Sunday, May 02, 2010

DOUBT: A Review

Watching “Doubt” is quite a different experience today than when the movie first came out in 2008. Also different for those who remember the years of the Kennedy Assasination -- which was not the only assassination -- and the huge revulsion against such a world. One of the major stories in the GF Tribune today is about “make-up” commencements for those whose graduations were foreclosed by the Kent State murders of students by the National Guard. (1970) This strikes me as a covert reminder of the consequences of disorder and a warning to those wanting to return to those years of rethinking the world.

“Doubt” is about a deeper doubt than whether or not a specific priest has been molesting the boys of a Catholic school and whether the principal nun should take action, whether or not he is guilty. Most reviewers missed many small nuances. For instance, one boy, rebellious to all authority figures, defies the priest’s advances and smiles when the man leaves. He is on the side of the nun in this opinion, though he has no use for her authority or conventional “niceness” -- taking devious ways of escaping authority. The other boy, made obviously vulnerable because he is Black, turns out to be also gay for which his father beat him badly. He is at the Catholic school because it can protect him from other students who see gays as natural prey. The priest’s advances are welcome to him, possibly, though his confused reaction is hidden: when he returns from the rectory with wine on his breath, we don’t see him. He is shot masked by Sister James -- we can barely tell she is talking to him.

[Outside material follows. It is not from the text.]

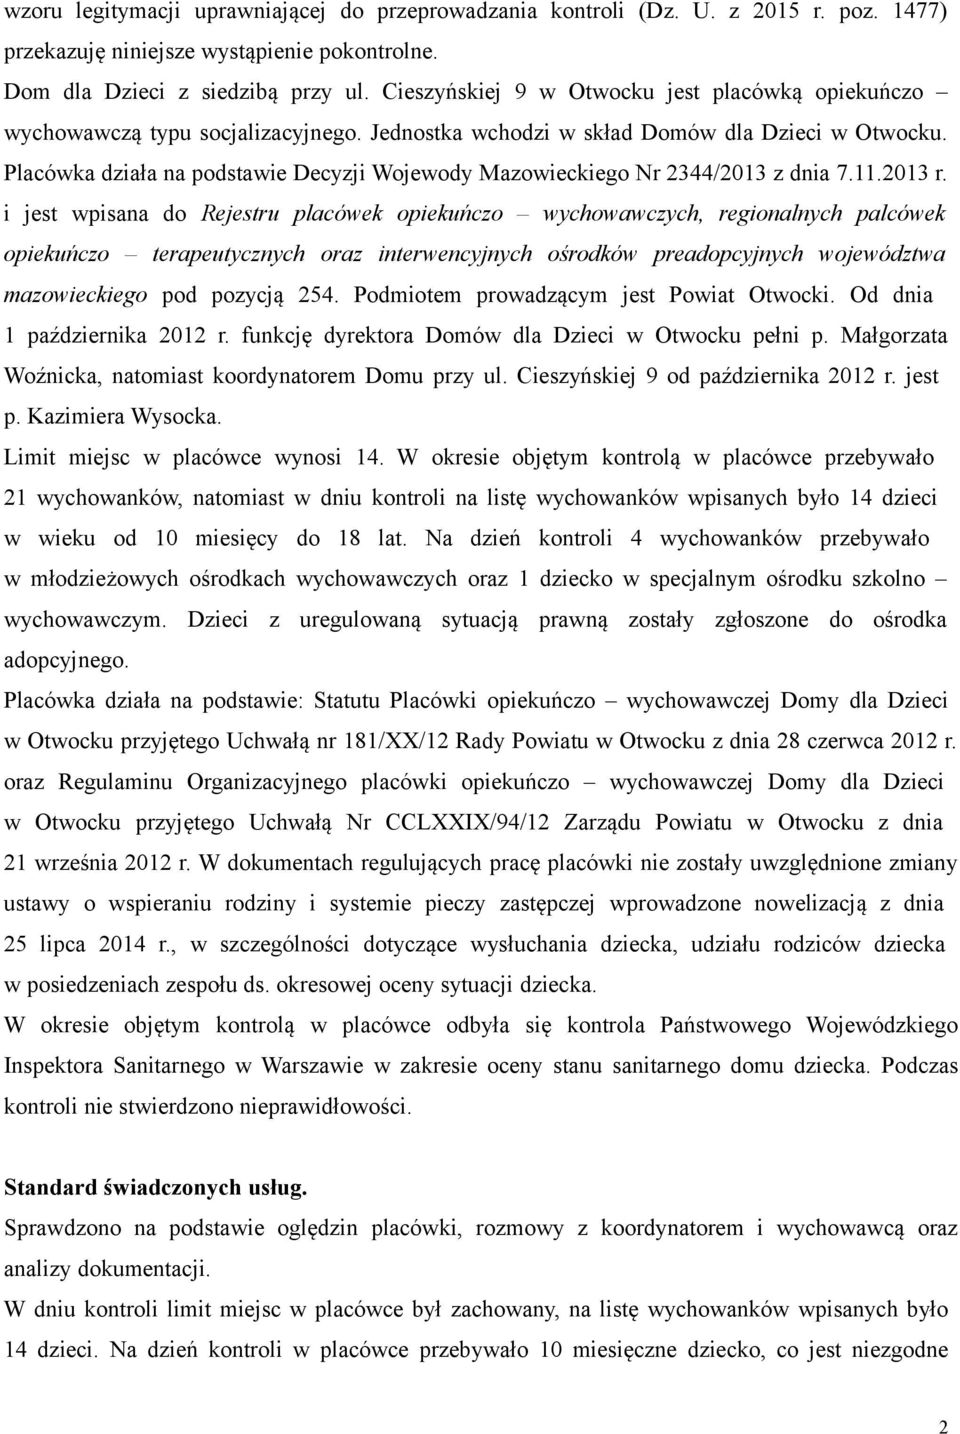 Placówka działa na podstawie Decyzji Wojewody Mazowieckiego Nr 2344/2013 z dnia 7.11.2013 r.

Philip Seymour Hoffman and Meryl Streep make this movie possible with their ability to pull us in even when we object to what the characters are doing, and also with the sharp quickness of the rapier exchanges between them -- one can only admire -- but then later admit the empathy that somehow snuck in. It is the Black mother in her Jackie Kennedy coat and hat who sees the complexity of the world and the necessity of clinging to the larger goal -- like keeping her boy alive when his own father is capable of beating him to death.

As is my method, I went looking for information about this playwright, who used an incident in his own family as the kernel for this movie, previously a play. I found a great article about him by Alex Witchel in the NY Times in 2004 just before the play opened. Witchel attended a family reunion picnic and noted that the family strategically kept away from Shanley, evidently for fear he might steal more stories from their lives.

Shanley did indeed attend Catholic schools of a range of brutality. "It was homosexual teachers for the most part who saved me,'' Shanley said. ''The head of discipline at Thomas Moore was gay, and he was my friend and protector. Did he have his reasons for being interested in me? Everybody has their reasons. Passion fuels many things, and it's used in many ways. Many of these people never cross the line.''

So what do we DO with that information? Would it be heresy to suggest that priests not only be allowed to marry but also to marry other adult males? Is the problem celibacy or homosexuality or sexuality that leaks into relationships with children?

Shanley said, “And still another reason I wrote this play is that I'm very aware that debate has become the form of communication, like on 'Crossfire.' There is no room or value placed on doubt, which is one of the hallmarks of the wise man. It's getting harder and harder in this society to find a place for spacious, true intellectual exchange. It's all becoming about who won the argument, which is just moronic.''

Many ideas are quietly presented without comment. The priests whoop it up with wine, music and cushioned surroundings while the nuns move through a near Shaker existence. The essence of the Fifties is found in the cinematography which sees a symmetrical orderly beauty everywhere, maybe even in the narrow back alley with its geometric fire escapes. All is control except in little bubbles of privilege. Anything else is just too terrifying, too demanding.

Sister is right to carry her defense of the boundaries to the children, though she doesn’t notice that her own asceticism is eroded by the transistor radio she impounds, not for the music but for the news. The wind blows hard, the lights go out. But the irrepressible boy goes on talking in class, the irresistible girl continues to fall in love. The subtle and convincing portraits of these children are a powerful force in the argument. Even shooting them with guns on campuses is not enough to extinguish them.

Shanley and his second wife, now divorced, adopted two boys at birth, one Mexican and one “Celtic” from Texas, about the same age. Witchel ends his article with this vignette:

“Both boys are protective of Shanley, almost tender in their vigilance of him. They continually surround him, seeming to stand sentry. Maybe it's the glaucoma. Maybe it's because he's just not like other dads. When Frank came off the makeshift court -- a patch of grass dotted with rocks -- and Shanley saw his skinned knee, he said, ''You know, in Ireland, kings were kings until they had a physical imperfection, and then they were put to death.''

“His [Shanley’s] brother Tom quickly interjected, ''Well, Frank, it's a good thing you're not a king.'' But Frank didn't need reassurance. He seems to hear stuff like that all the time. He sat near his father a while longer, then returned to the game.

“Shanley watched his sons. 'They're going to fall in love and have their hearts broken,'' he said quietly. ''I don't think I can take it.' ”

But he will. What choice is there? In spite of all doubts we cannot help loving. In this, Sister James is our guide with her open earnestness, her quick wish for the best, and her bad dreams. She is what the Pope pretends to be.